→ **WHAT IS REQUIRED**:
Repeat every line of the data exactly; the pictures stay out.

→ **GIVEN MATERIAL**:
----
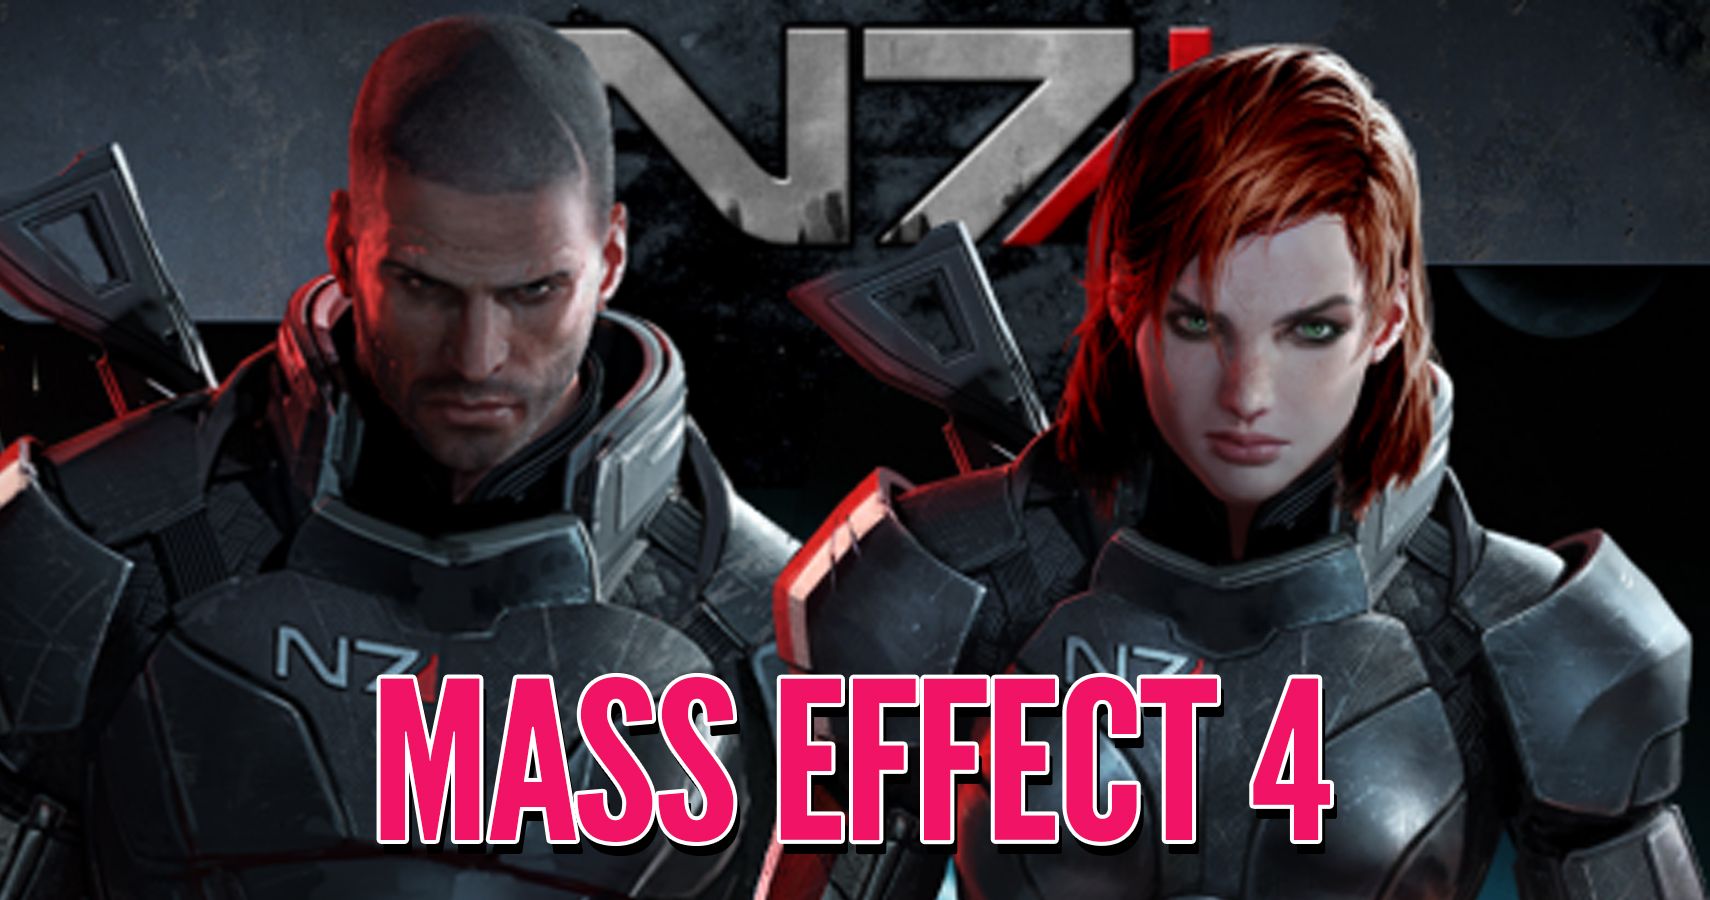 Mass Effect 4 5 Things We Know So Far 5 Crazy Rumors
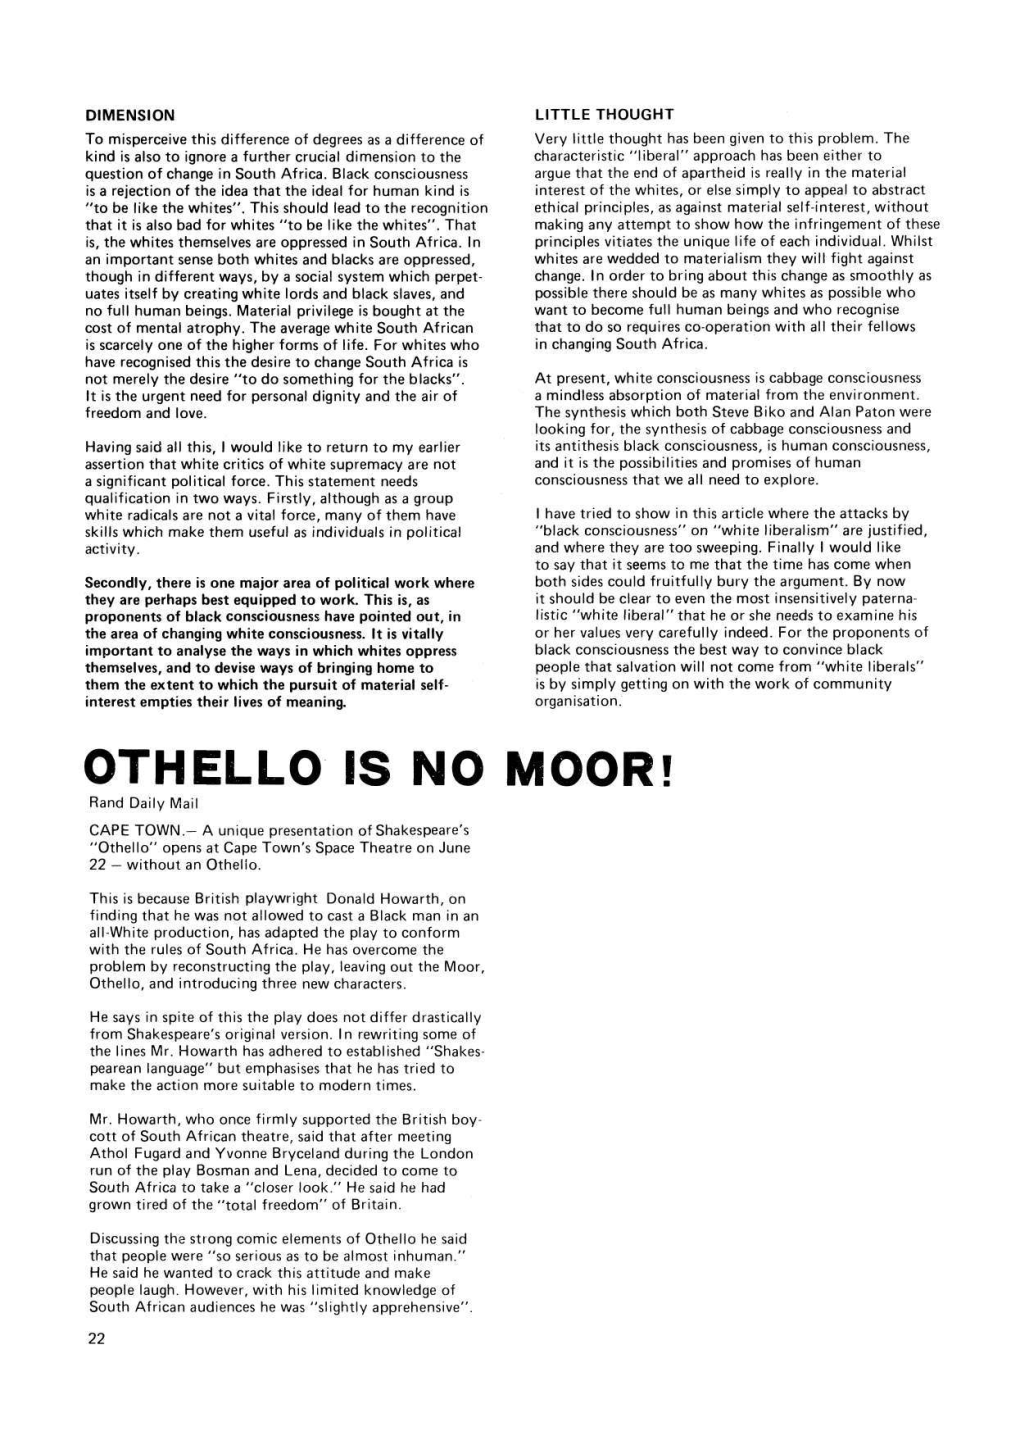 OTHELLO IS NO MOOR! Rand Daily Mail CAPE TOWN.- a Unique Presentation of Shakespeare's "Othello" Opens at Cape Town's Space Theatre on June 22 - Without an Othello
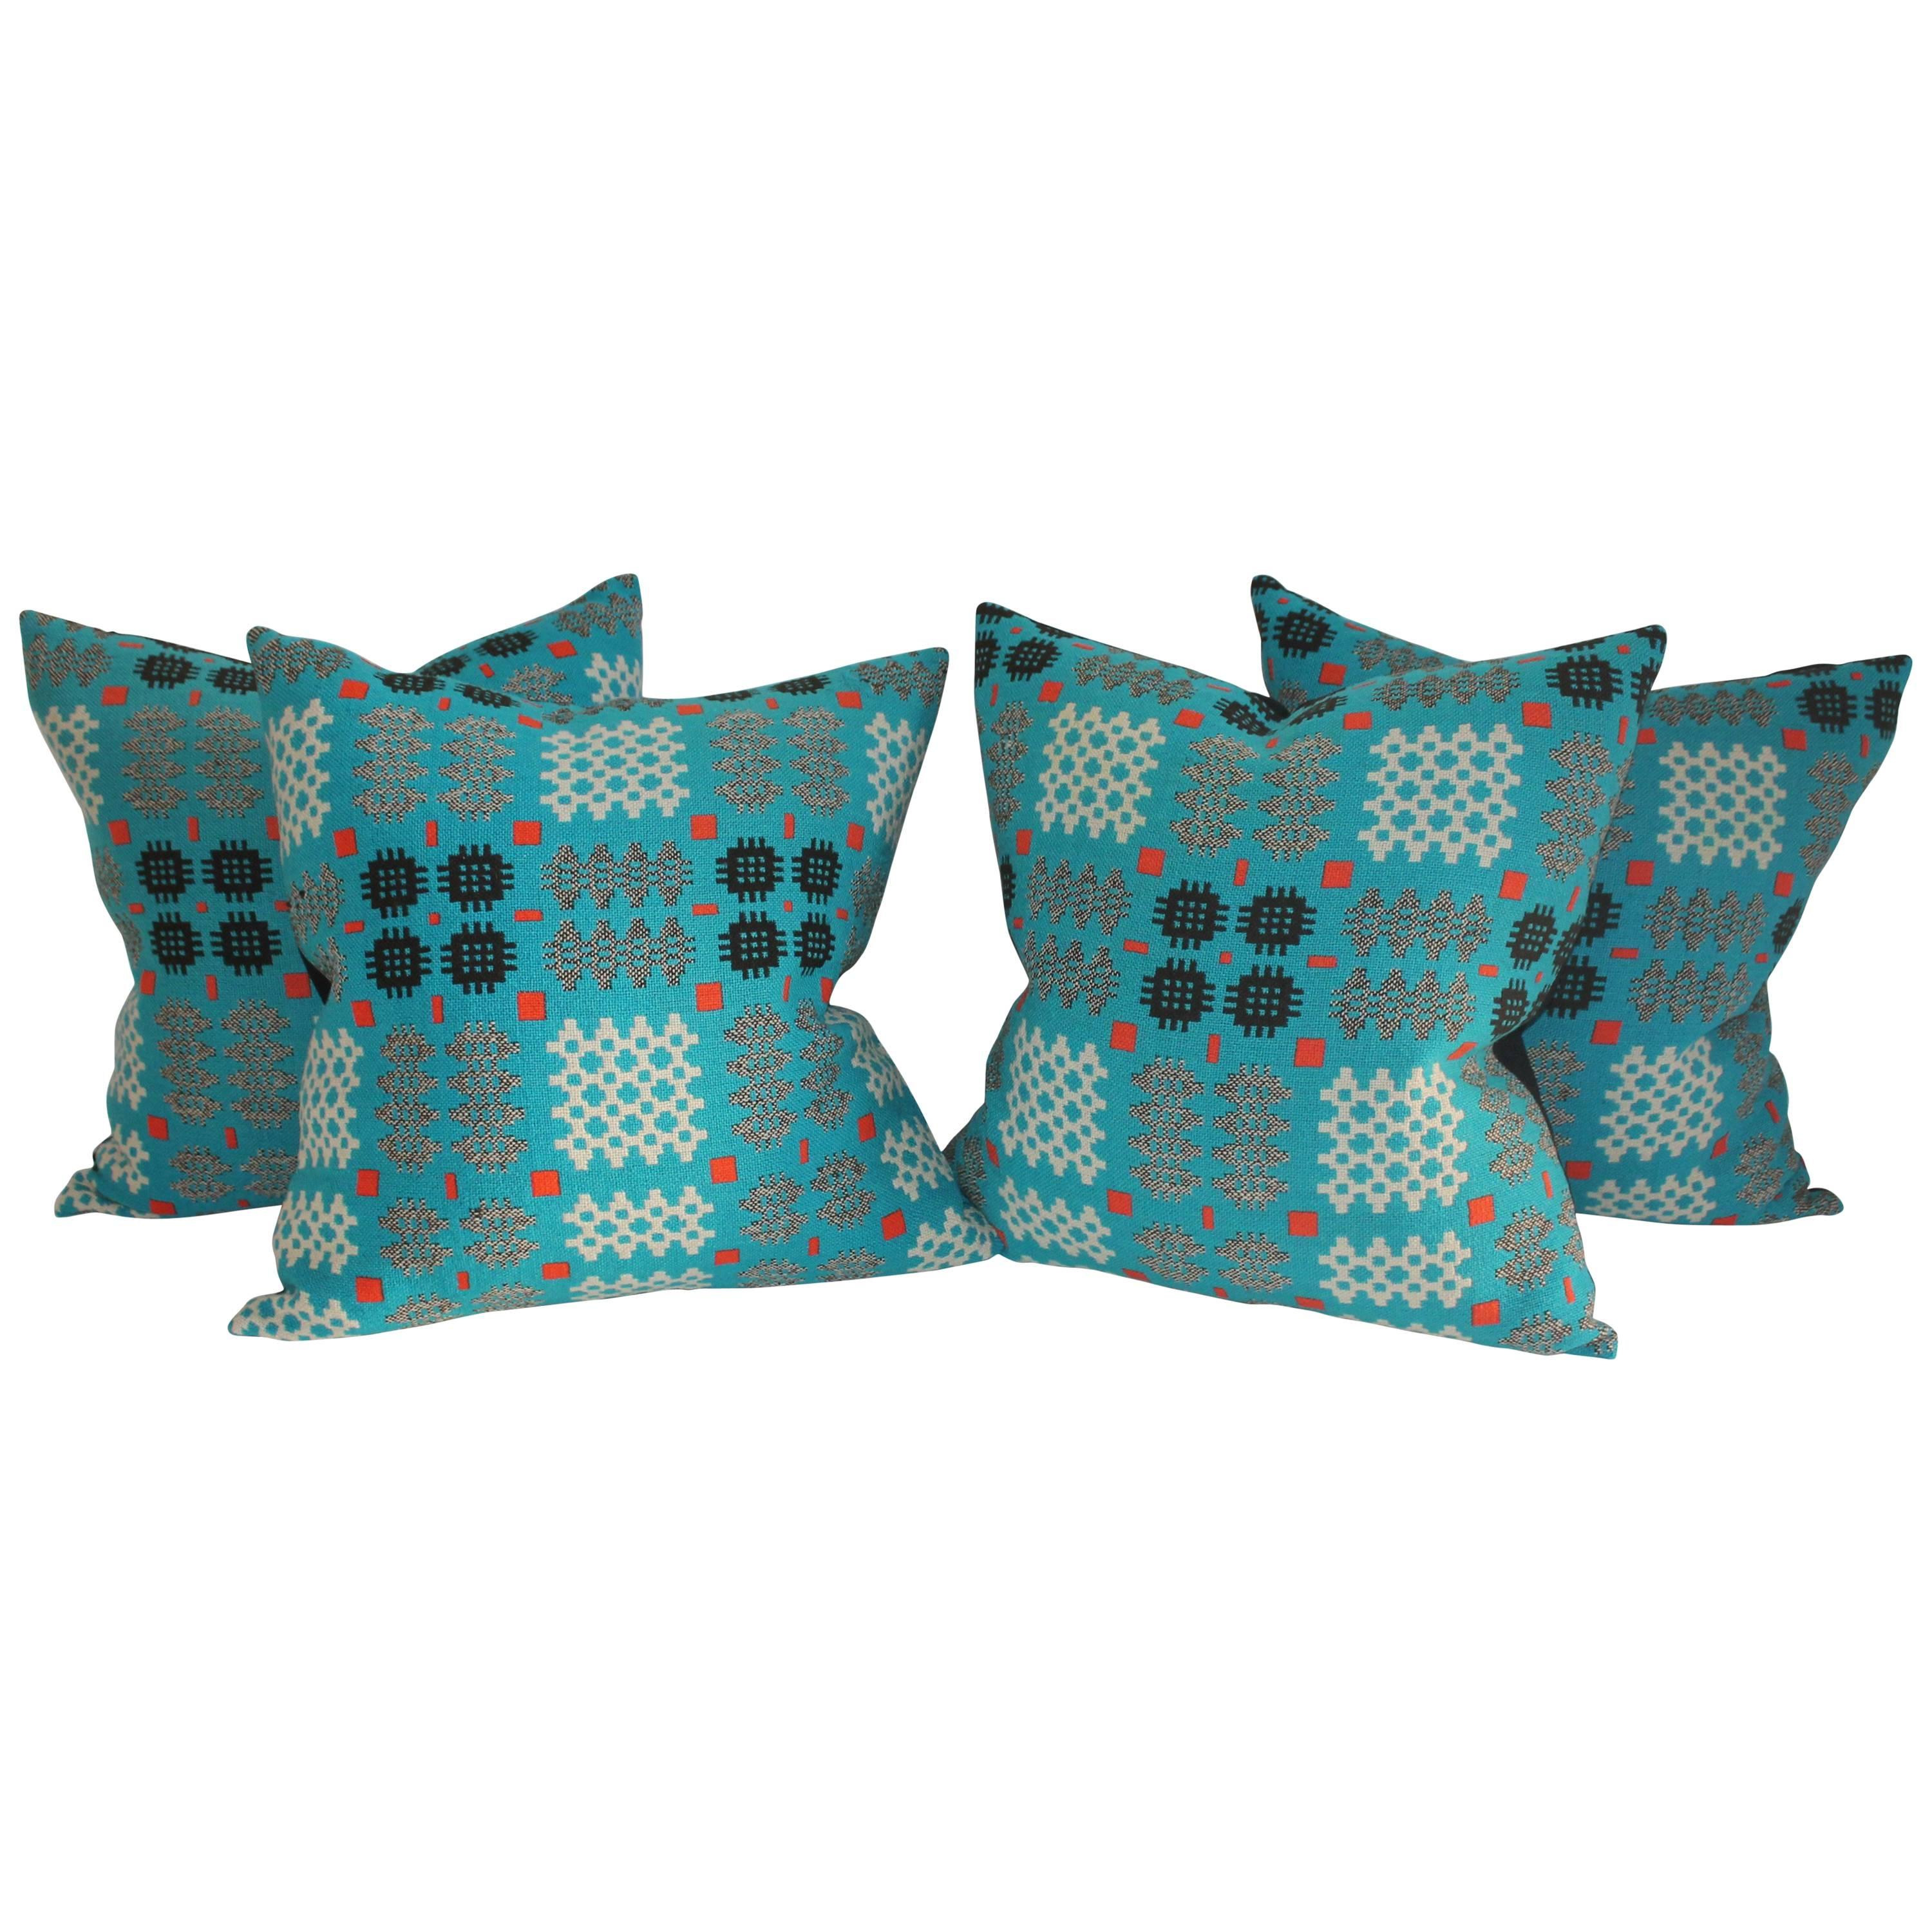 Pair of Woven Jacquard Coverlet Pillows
----
→ **EXPECTED ANSWER**:
 Mass Effect 4 5 Things We Know So Far 5 Crazy Rumors
 OTHELLO IS NO MOOR! Rand Daily Mail CAPE TOWN.- a Unique Presentation of Shakespeare's "Othello" Opens at Cape Town's Space Theatre on June 22 - Without an Othello
 Pair of Woven Jacquard Coverlet Pillows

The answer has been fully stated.